> _Exercise aim_:
Find the line in the entries below that contains "1980s Blue Art". Repeat it exactly, and every line after it through the line that contains "Orange sporting powder.".

> _Collected data_:
+ + + + +

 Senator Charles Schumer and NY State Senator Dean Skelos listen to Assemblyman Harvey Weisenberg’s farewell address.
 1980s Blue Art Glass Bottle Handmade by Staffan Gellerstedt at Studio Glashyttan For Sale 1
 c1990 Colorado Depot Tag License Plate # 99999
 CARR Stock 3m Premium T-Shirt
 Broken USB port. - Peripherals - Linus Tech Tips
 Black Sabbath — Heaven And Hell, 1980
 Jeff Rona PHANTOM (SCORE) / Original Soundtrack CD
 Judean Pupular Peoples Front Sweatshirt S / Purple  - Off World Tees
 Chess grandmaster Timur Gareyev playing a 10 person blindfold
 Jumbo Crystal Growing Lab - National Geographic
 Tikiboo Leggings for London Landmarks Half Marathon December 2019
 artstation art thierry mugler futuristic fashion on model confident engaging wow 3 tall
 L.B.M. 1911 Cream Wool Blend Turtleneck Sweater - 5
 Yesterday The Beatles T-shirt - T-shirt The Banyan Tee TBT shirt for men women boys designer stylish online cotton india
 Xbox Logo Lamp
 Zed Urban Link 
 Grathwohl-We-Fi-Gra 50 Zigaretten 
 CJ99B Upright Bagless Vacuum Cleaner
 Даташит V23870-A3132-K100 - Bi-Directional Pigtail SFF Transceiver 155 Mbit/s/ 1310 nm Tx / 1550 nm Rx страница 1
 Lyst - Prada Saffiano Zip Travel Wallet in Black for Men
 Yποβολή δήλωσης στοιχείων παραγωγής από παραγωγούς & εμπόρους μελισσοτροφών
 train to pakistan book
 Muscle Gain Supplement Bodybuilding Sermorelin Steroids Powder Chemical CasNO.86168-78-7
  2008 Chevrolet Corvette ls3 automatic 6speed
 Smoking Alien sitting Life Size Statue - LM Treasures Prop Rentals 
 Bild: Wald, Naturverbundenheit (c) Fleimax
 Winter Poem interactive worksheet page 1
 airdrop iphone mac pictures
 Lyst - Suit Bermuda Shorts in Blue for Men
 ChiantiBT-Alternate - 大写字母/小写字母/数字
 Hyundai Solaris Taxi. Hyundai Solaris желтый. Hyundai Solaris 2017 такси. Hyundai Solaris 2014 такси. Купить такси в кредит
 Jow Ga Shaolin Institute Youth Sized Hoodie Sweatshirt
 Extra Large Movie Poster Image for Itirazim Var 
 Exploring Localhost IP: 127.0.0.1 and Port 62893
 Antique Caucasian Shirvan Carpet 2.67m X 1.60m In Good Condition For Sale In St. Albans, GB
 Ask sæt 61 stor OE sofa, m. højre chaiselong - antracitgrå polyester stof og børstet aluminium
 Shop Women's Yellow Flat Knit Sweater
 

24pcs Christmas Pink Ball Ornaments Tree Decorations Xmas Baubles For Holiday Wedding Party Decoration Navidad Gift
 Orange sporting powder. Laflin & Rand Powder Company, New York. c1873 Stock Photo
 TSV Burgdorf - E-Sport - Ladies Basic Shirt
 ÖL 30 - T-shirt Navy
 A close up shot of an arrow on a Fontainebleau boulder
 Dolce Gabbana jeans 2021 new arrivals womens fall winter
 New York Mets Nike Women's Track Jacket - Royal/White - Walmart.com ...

+ + + + +

> _Task answer_:
 1980s Blue Art Glass Bottle Handmade by Staffan Gellerstedt at Studio Glashyttan For Sale 1
 c1990 Colorado Depot Tag License Plate # 99999
 CARR Stock 3m Premium T-Shirt
 Broken USB port. - Peripherals - Linus Tech Tips
 Black Sabbath — Heaven And Hell, 1980
 Jeff Rona PHANTOM (SCORE) / Original Soundtrack CD
 Judean Pupular Peoples Front Sweatshirt S / Purple  - Off World Tees
 Chess grandmaster Timur Gareyev playing a 10 person blindfold
 Jumbo Crystal Growing Lab - National Geographic
 Tikiboo Leggings for London Landmarks Half Marathon December 2019
 artstation art thierry mugler futuristic fashion on model confident engaging wow 3 tall
 L.B.M. 1911 Cream Wool Blend Turtleneck Sweater - 5
 Yesterday The Beatles T-shirt - T-shirt The Banyan Tee TBT shirt for men women boys designer stylish online cotton india
 Xbox Logo Lamp
 Zed Urban Link 
 Grathwohl-We-Fi-Gra 50 Zigaretten 
 CJ99B Upright Bagless Vacuum Cleaner
 Даташит V23870-A3132-K100 - Bi-Directional Pigtail SFF Transceiver 155 Mbit/s/ 1310 nm Tx / 1550 nm Rx страница 1
 Lyst - Prada Saffiano Zip Travel Wallet in Black for Men
 Yποβολή δήλωσης στοιχείων παραγωγής από παραγωγούς & εμπόρους μελισσοτροφών
 train to pakistan book
 Muscle Gain Supplement Bodybuilding Sermorelin Steroids Powder Chemical CasNO.86168-78-7
  2008 Chevrolet Corvette ls3 automatic 6speed
 Smoking Alien sitting Life Size Statue - LM Treasures Prop Rentals 
 Bild: Wald, Naturverbundenheit (c) Fleimax
 Winter Poem interactive worksheet page 1
 airdrop iphone mac pictures
 Lyst - Suit Bermuda Shorts in Blue for Men
 ChiantiBT-Alternate - 大写字母/小写字母/数字
 Hyundai Solaris Taxi. Hyundai Solaris желтый. Hyundai Solaris 2017 такси. Hyundai Solaris 2014 такси. Купить такси в кредит
 Jow Ga Shaolin Institute Youth Sized Hoodie Sweatshirt
 Extra Large Movie Poster Image for Itirazim Var 
 Exploring Localhost IP: 127.0.0.1 and Port 62893
 Antique Caucasian Shirvan Carpet 2.67m X 1.60m In Good Condition For Sale In St. Albans, GB
 Ask sæt 61 stor OE sofa, m. højre chaiselong - antracitgrå polyester stof og børstet aluminium
 Shop Women's Yellow Flat Knit Sweater
 

24pcs Christmas Pink Ball Ornaments Tree Decorations Xmas Baubles For Holiday Wedding Party Decoration Navidad Gift
 Orange sporting powder. Laflin & Rand Powder Company, New York. c1873 Stock Photo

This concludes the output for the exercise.